The Electronic Frontier Foundation (EFF), perhaps the most well-known digital rights non-profit, today launched a new "Fix It Already" campaign with the aim of getting technology companies to implement new privacy features in areas where privacy is lacking.
According to the EFF, the issues that it is demanding a fix for are "well-known privacy and security issues" that have "attainable fixes." From Apple, the EFF wants the company to implement user-encrypted iCloud backups that are inaccessible to the company and thus to law enforcement.
iCloud content uploaded to Apple is encrypted at the location of the server and, with the proper legal requests, Apple can provide iCloud information that includes name, address, email, mail logs with date/time stamps, photos, Safari browsing history, iMessages, and more, with full details outlined by Apple on its privacy site. [PDF]

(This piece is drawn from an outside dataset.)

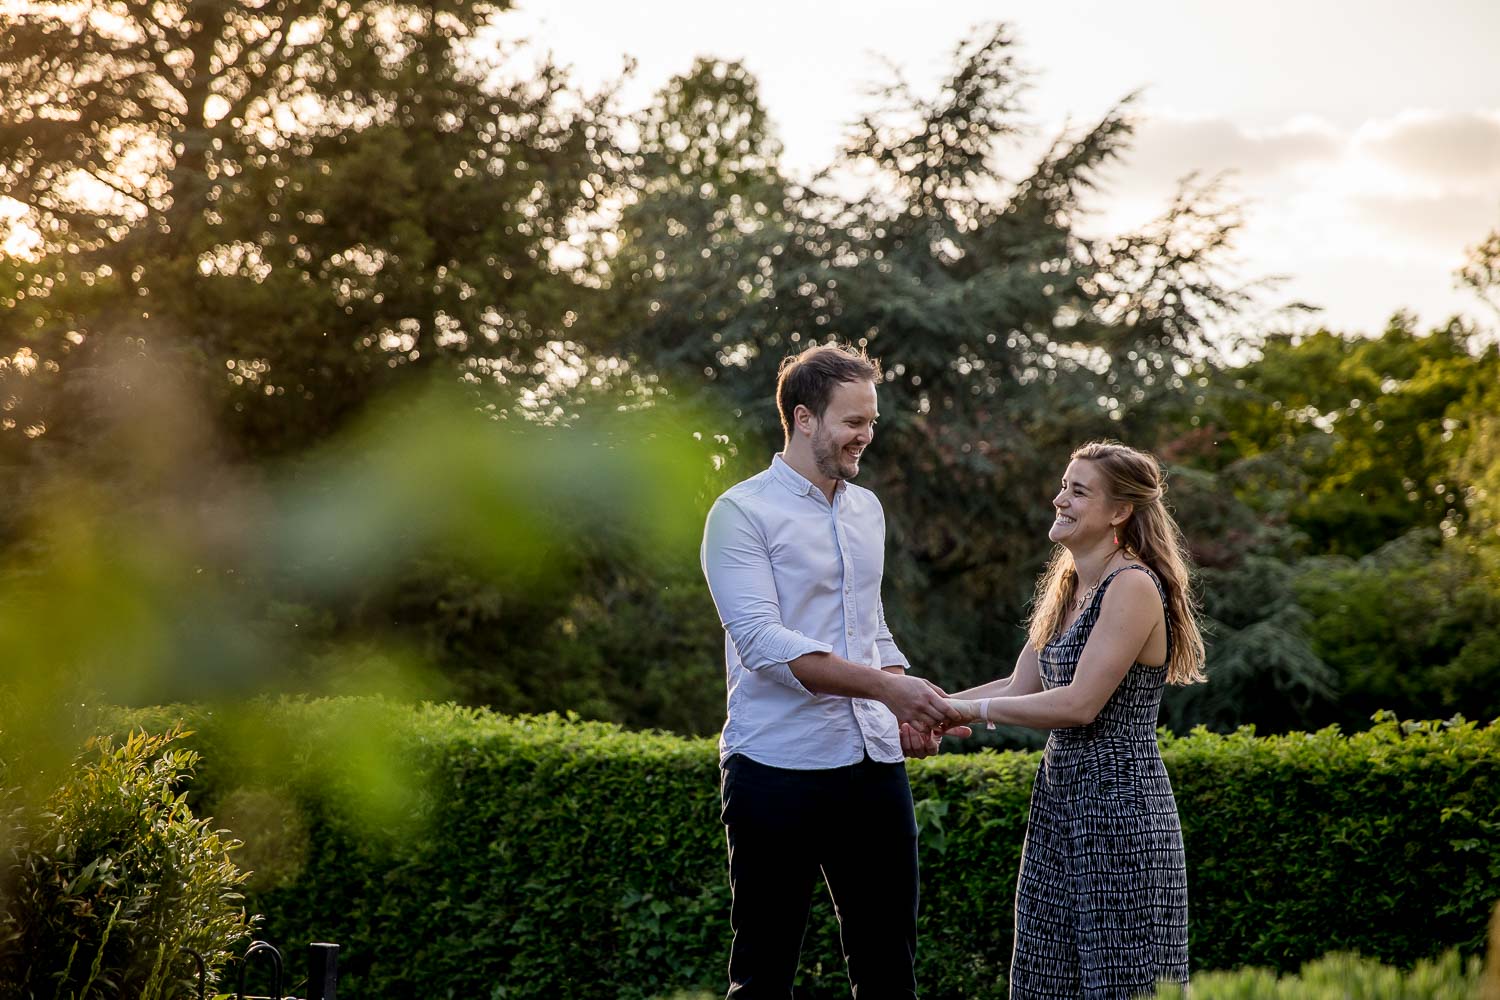 Peckham Rye Engagement Photography South London - Penny and Jere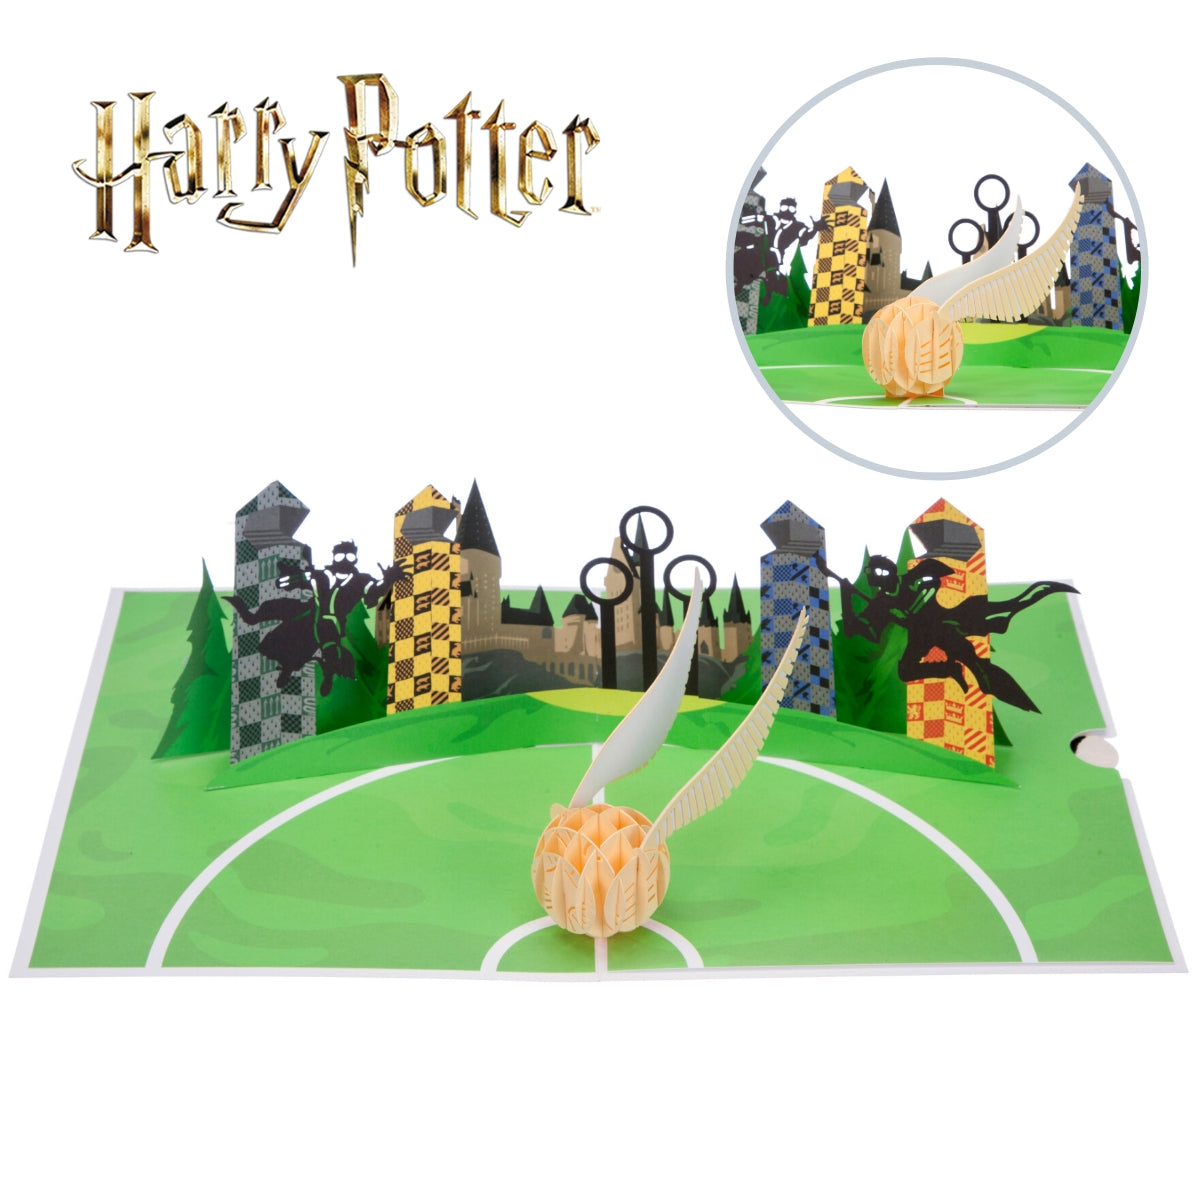 Harry Potter Birthday Card - Golden Snitch Pop Up Card Close Up Image

The EFF says that Apple should "let users protect themselves" and elect for "truly encrypted iCloud backups."
Apple has not encrypted iCloud backups because doing so would prevent Apple from being able to restore iCloud backups for users who have forgotten their passwords. As the EFF points out, though, Apple CEO Tim Cook has said in the past that Apple may move towards encrypted iCloud backups in the future. From an interview Cook did with German site Der Spiegel:
There our users have a key and we have one. We do this because some users lose or forget their key and then expect help from us to get their data back. It is difficult to estimate when we will change this practice. But I think that will be regulated in the future as with the devices. So we will not have a key for it in the future.
The EFF has demands for other technology companies in addition to Apple. Android, it says, should let users deny and revoke apps' internet permissions, while Twitter should end-to-end encrypt direct messages and Facebook should stop using phone numbers provided for account creation for targeted advertising.
WhatsApp should obtain user consent before adding users to groups, Slack should give free workspace administrators control over data retention, and Verizon should stop pre-installing spyware on some smartphones.